Corvos, aves da mesma família que inclui as gralhas brasileiras, são bichos tão inteligentes quanto grandes primatas, devido ao grande número de neurônios associativos que possuem
Corvos, aves da mesma família que inclui as gralhas brasileiras, são bichos tão inteligentes quanto grandes primatas, devido ao grande número de neurônios associativos que possuem - Sebastien Salom Gomis - 14.ago.18/AFP

O achado equivale a descobrir que uma colher e um prato de sopa contêm números semelhantes de sementes —o que só é possível se as sementes na colher, como os neurônios das aves, forem muito menores do que as sementes no prato, como os neurônios de mamíferos. Quanto mais neurônios, maior deve ser a capacidade do córtex em processar sinais e informação, pensamos.

Mas nem todos os neurônios corticais são iguais: há os que processam sensações e movimentos, e outros que juntam coisa com coisa, o que permite ao cérebro criar associações, encontrar padrões e inventar regras. Esses são os neurônios associativos —e talvez, em matéria de flexibilidade cognitiva, que é minha definição de inteligência, seja isso o que importa, muito mais do que o total de neurônios.

Para testar essa possibilidade, meu grupo e dois colegas na Alemanha comparamos três espécies de corvo com pombo, galinha e avestruz, a maior das aves, com o maior cérebro. Mais uma vez, vimos que tamanho não é documento: ainda que os corvos percam do avestruz em termos de números de neurônios sensoriais, são os corvos que ganham, e de longe, em números de neurônios associativos, que estimamos serem tantos quanto no córtex do chimpanzé. O estudo acaba de ser publicado no Journal of Comparative Neurology.

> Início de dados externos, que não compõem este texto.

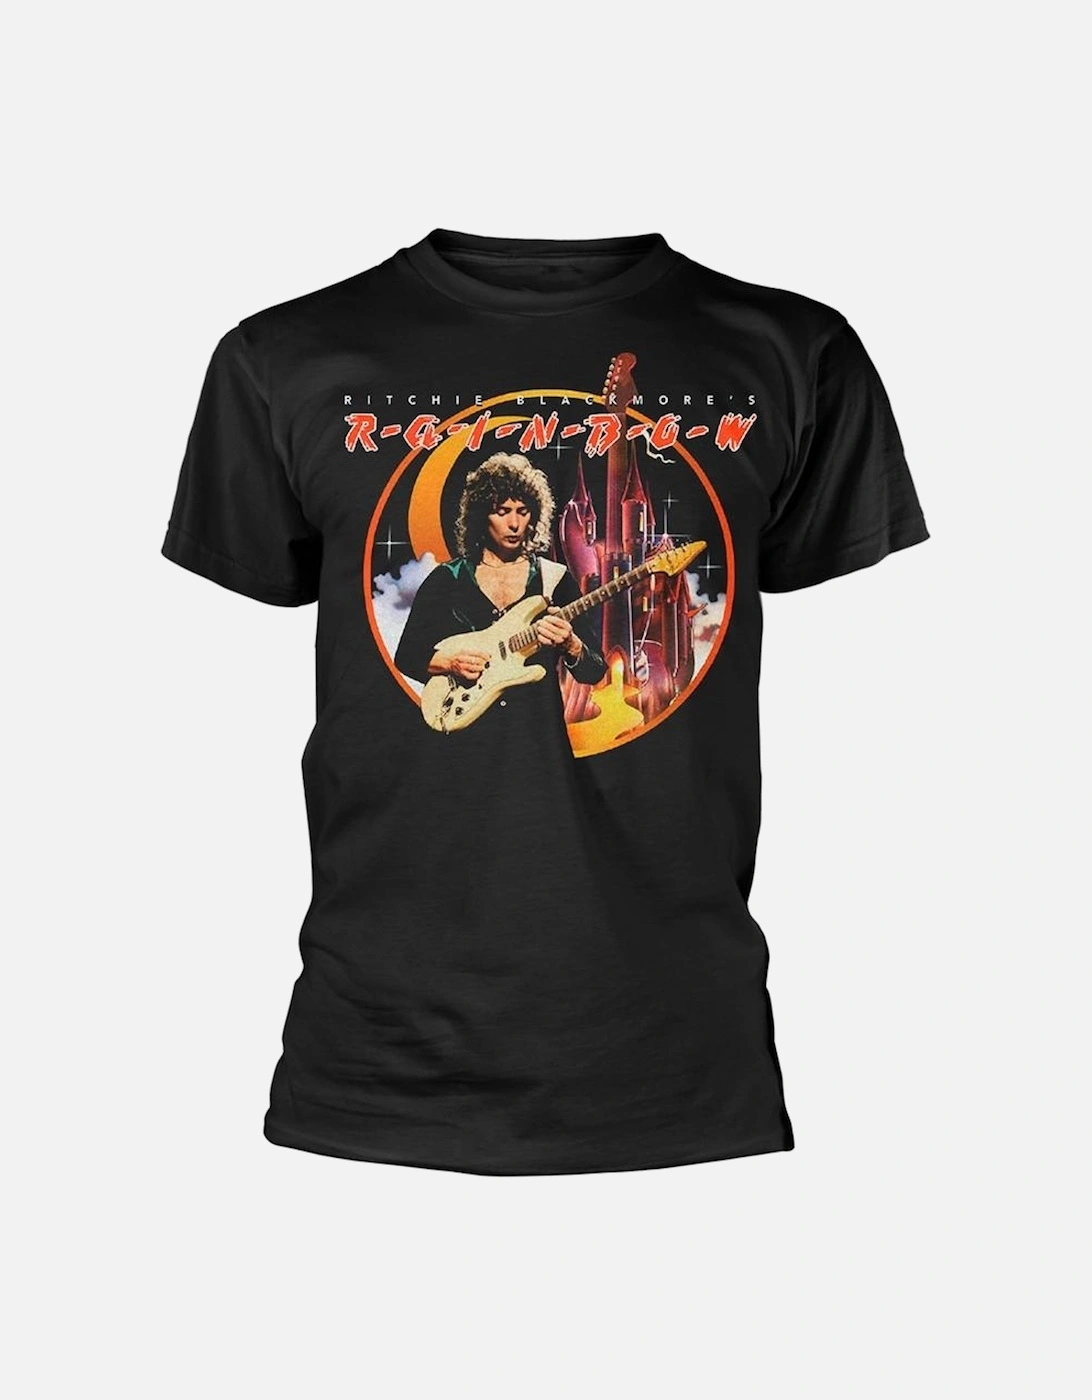 Unisex Adult Ritchie Blackmore?'s Photograph T-Shirt, 2 of 1

Minha próxima pergunta, agora, é quanta energia custa operar tantos neurônios em cérebros de tamanhos tão diferentes: uma quantidade proporcional ao número de neurônios, ao tamanho do cérebro, ou a alguma outra coisa? Ou seja, o que determina quanta energia um cérebro usa? Serão aves mais eficientes do que nós primatas, neste quesito?

Tentei abordar o assunto quando ainda trabalhava no Brasil, em projeto em colaboração com os mesmos pesquisadores na Alemanha. Eles receberam do governo alemão onze vezes o valor que eu pude sequer solicitar à Faperj, e nunca recebi, porque o Estado do RJ quebrou. Para sorte da minha pesquisa, pude me mudar para outro país, e quanta energia custa um cérebro agora é pergunta que eu posso responder. Me aguardem!